Results from this study indicated that agreement for receipt of chemotherapy is not impacted by age. This result is consistent with some literature from the US [7], but not other literature which showed a decrease in agreement with increases in age [4]. Our study also showed that chemotherapy and radiotherapy agreement increased with more recent diagnosis year. Although this finding was inconsistent with other literature [4], it was expected in our study based on active efforts to increase the accuracy of the ALR after its establishment in the late 1990s. Results from this study do align with previous research for stage, with more advanced stage of breast cancer resulting in higher odds of disagreement for receipt of chemotherapy [4]. This may suggest poorer agreement for palliative versus curative treatments. Conversely, we found that agreement increased with advanced stage of breast cancer for partial mastectomy, possibly indicating more substantial agreement for more complex cases requiring longer hospital stays.

Exact agreement in radiotherapy start dates was extremely high at 96.5%. There was slightly less agreement in radiotherapy end dates; however, the discrepancies were minor as agreement increased from 83% to 95.4% when considering end dates within 1 week of the medical chart end dates. Agreement in chemotherapy start and end dates was also high, with disagreements mostly due to missing ALR records at the beginning of treatment protocols. Agreement in dates for surgery was extremely high. Mismatched dates mostly occurred in women whose first treatment surgery was also diagnostic, as these procedures were not coded in CIHI as breast cancer-related and were therefore excluded during data cleaning. To our knowledge, only one previous study has validated dates for breast cancer treatment, finding only 86% agreement ±30 days [8]. Overall, treatment dates in the ALR and CIHI databases were highly accurate, which means that this data is being used reliably for monitoring and evaluation of Ontario treatment wait times.

Strengths of this study include a large sample size and use of data from a population-based cohort of screened women, with access to the medical charts of more than 95% of the eligible women.

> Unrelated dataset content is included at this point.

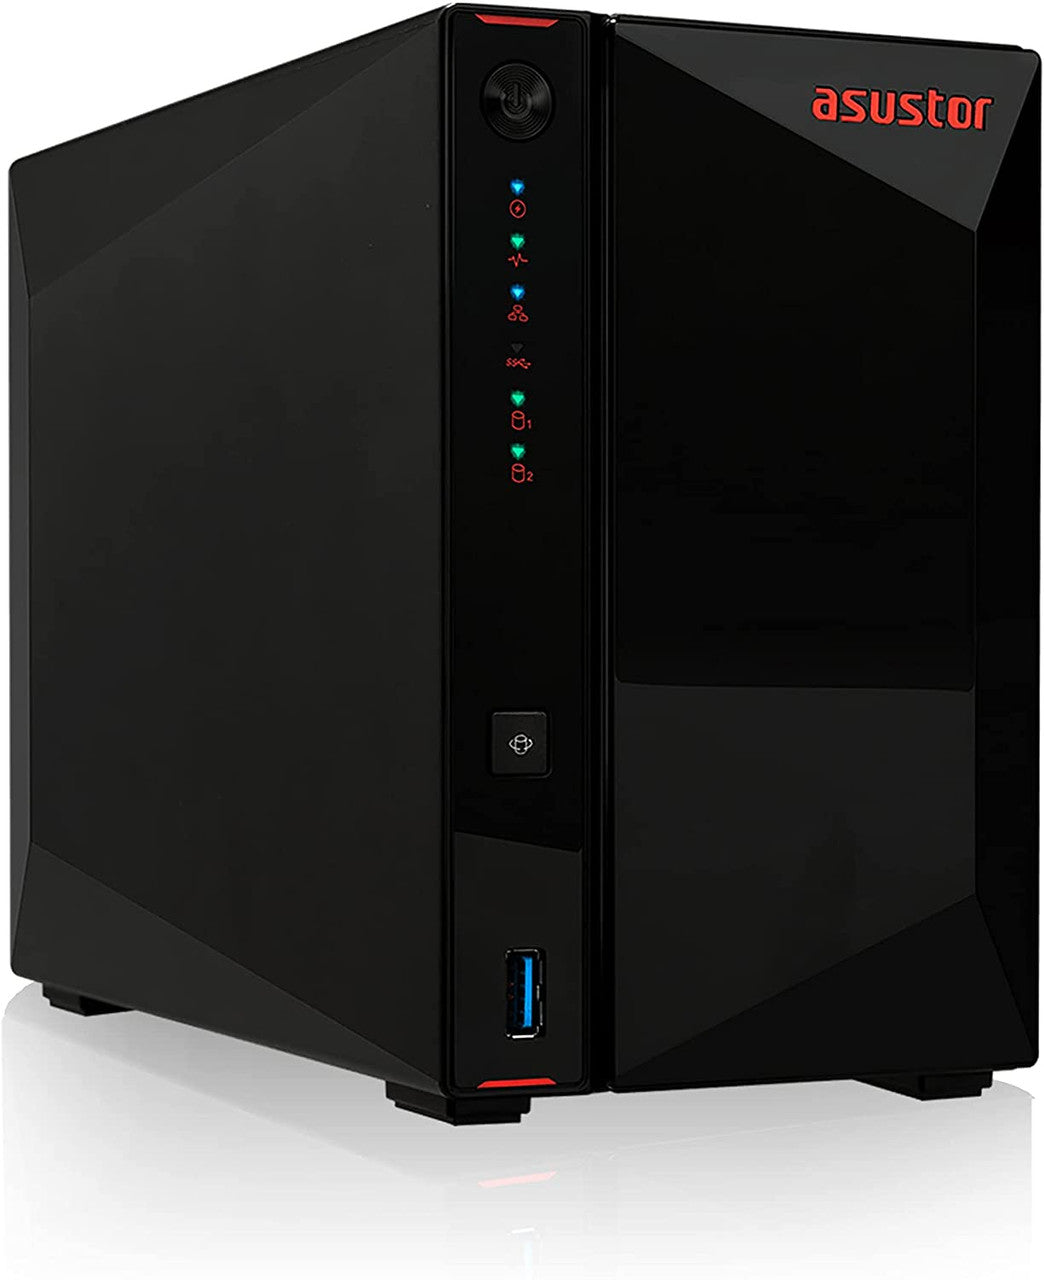 Asustor AS5202T 2-Bay Nimbustor 2 NAS with 2GB RAM and 16TB (2 x 8TB) Seagate Ironwolf NAS Drives Fully Assembled and Tested

Also, this was the first study to our knowledge to validate breast cancer treatment types and dates in the ALR and CIHI databases. However, there are several limitations. First, the definitions used for the type of therapy may have differed between medical charts and administrative data. In addition, some types of treatments could not be compared because they were not present in both data sources. The results may not generalize to women diagnosed outside of the OBSP, those with stage IV breast cancers, in situ breast cancers, or other cancers which might have different treatments, such as oral rather than systemic chemotherapy. Finally, while medical charts were used as the gold standard, previous research has suggested that a true gold standard may not exist [27].

5. Conclusions

Agreement between medical charts and administrative databases for breast cancer treatment data varied from moderate to almost perfect, depending on treatment type. In future Ontario studies, chart review may not be required for collection of breast cancer treatment data. Future research could validate more specific treatment details, such as radiotherapy dose levels, to determine if administrative databases suffice for more detailed epidemiological research.

Disclosure

The Canadian Institutes of Health Research had no involvement in the study design, data collection, analysis, interpretation, manuscript preparation, or the decision to submit the manuscript for publication.

Conflicts of Interest

The authors declare that there are no conflicts of interest regarding the publication of this article.

Acknowledgments

This work was supported by the Canadian Institutes of Health Research (Grant no. 130400). The authors thank the study staff, Brittany Speller, Leanne Lindsay, and Lucy Leon, and Jessie Cunningham for assisting in the literature search. Lastly, they acknowledge Cancer Care Ontario for use of its data for this study.